The processor is used for controlling the overall operation of the computer terminal device so as to complete all or part of the steps of the face mask detection method based on the YOLOV 3. The memory is used to store various types of data to support the operation at the computer terminal device, which data may include, for example, instructions for any application or method operating on the computer terminal device, as well as application-related data. The Memory may be implemented by any type of volatile or non-volatile Memory device or combination thereof, such as Static Random Access Memory (SRAM), Electrically Erasable Programmable Read-Only Memory (EEPROM), Erasable Programmable Read-Only Memory (EPROM), Programmable Read-Only Memory (PROM), Read-Only Memory (ROM), magnetic Memory, flash Memory, magnetic disk, or optical disk.
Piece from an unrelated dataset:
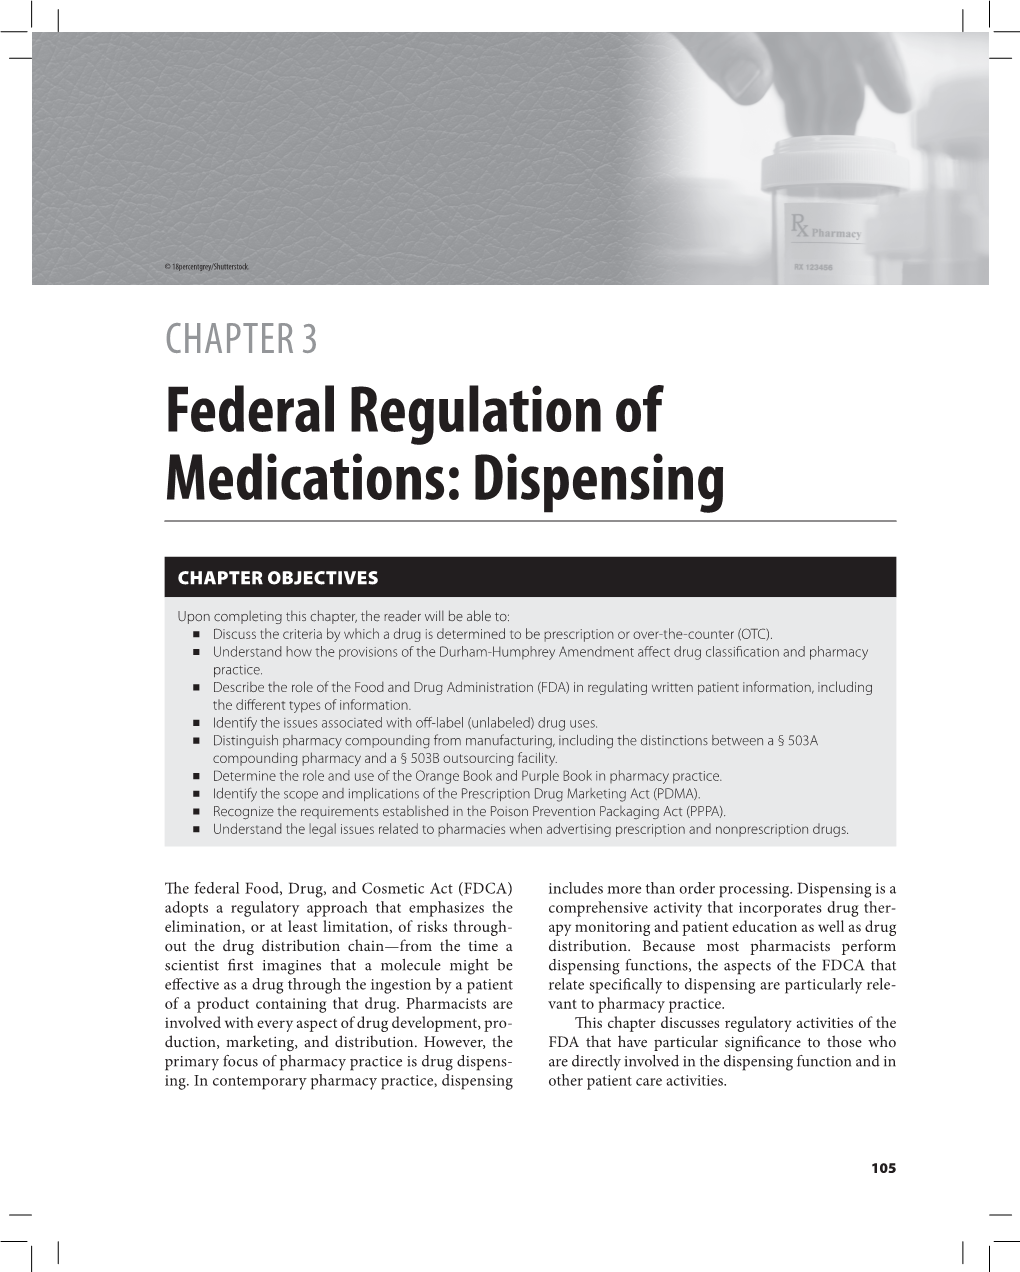 Federal Regulation of Medications: Dispensing
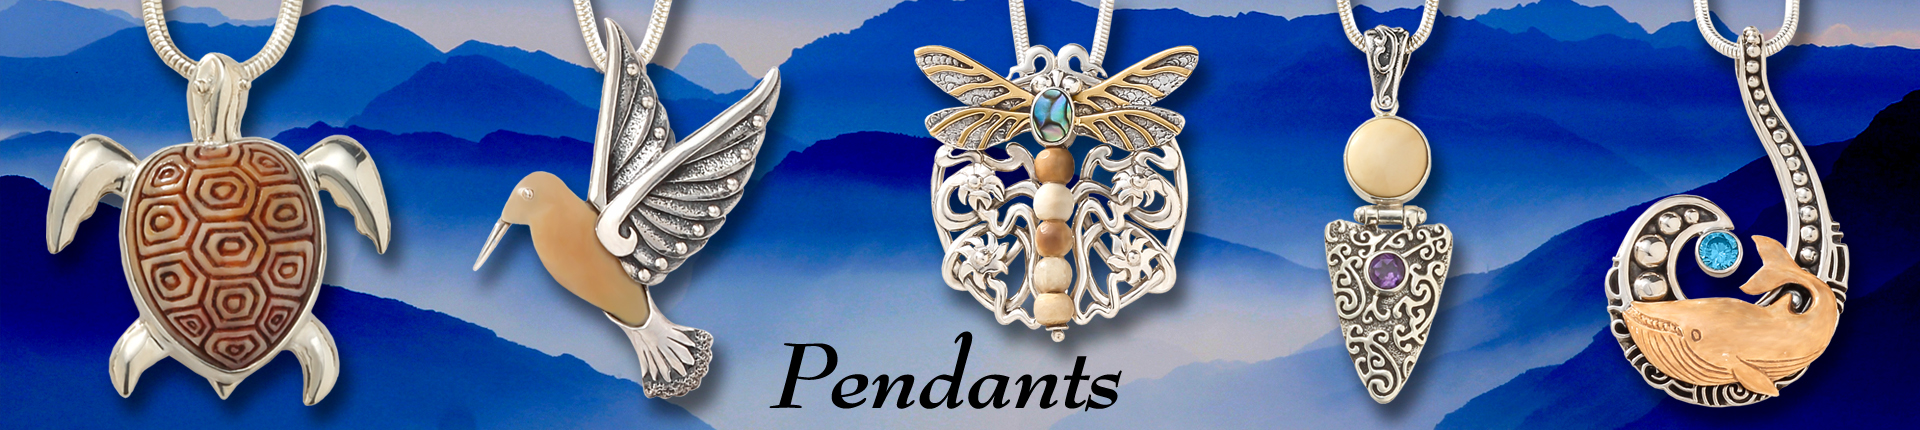 Zealandia sterling silver pendants, fossilized ivory jewelry

The computer terminal Device may be implemented by one or more Application Specific 1 integrated circuits (AS 1C), a Digital Signal Processor (DSP), a Digital Signal Processing Device (DSPD), a Programmable Logic Device (PLD), a Field Programmable Gate Array (FPGA), a controller, a microcontroller, a microprocessor, or other electronic components, and is configured to perform the face mask detection method based on yol 3 according to any of the embodiments described above, and achieve technical effects consistent with the above methods.

In an embodiment, a computer readable storage medium is further provided, which includes program instructions, when executed by a processor, to implement the steps of the YOLOV 3-based face mask detection method according to any one of the above embodiments. For example, the computer readable storage medium may be the above memory including program instructions, which are executable by a processor of a computer terminal device to perform the face mask detection method based on YOLOV3 according to any of the above embodiments, and achieve the technical effects consistent with the above methods.

While the foregoing is directed to the preferred embodiment of the present invention, it will be understood by those skilled in the art that various changes and modifications may be made without departing from the spirit and scope of the invention.

Claims

1. A face mask detection method based on YOLOV3 is characterized by comprising the following steps:

2. The YOLOV 3-based face and mask detection method according to claim 1, wherein before inputting the data to be tested into the target YOLOV3 algorithm model, the method further comprises:

3. The YOLOV 3-based face mask detection method according to claim 2, wherein the adjusting the learning rate of the initial YOLOV3 algorithm model comprises: fitting the learning rate by an optimizer using a decay strategy.

4. The YOLOV 3-based face mask detection method according to claim 2, wherein the number of training iteration rounds comprises 270 times.

5. The YOLOV 3-based face and mask detection method according to claim 1, wherein before inputting the data to be tested into the target YOLOV3 algorithm model, the method further comprises:

6. The YOLOV 3-based face mask detection method according to claim 5, wherein the normalization process comprises a Z-score normalization method.

7. The YOLOV 3-based face mask detection method of claim 5, wherein the face image dataset is acquired using image detection or liveness detection.

8. A face and mouth mask detection system based on YOLOV3 is characterized by comprising:

9. A computer terminal device, comprising:

one or more processors;

a memory coupled to the processor for storing one or more programs;

when executed by the one or more processors, cause the one or more processors to implement the YOLOV 3-based face mask detection method of any one of claims 1-7.

10. A computer-readable storage medium, on which a computer program is stored, the computer program being executed by a processor to implement the YOLOV 3-based face mask detection method according to any one of claims 1 to 7.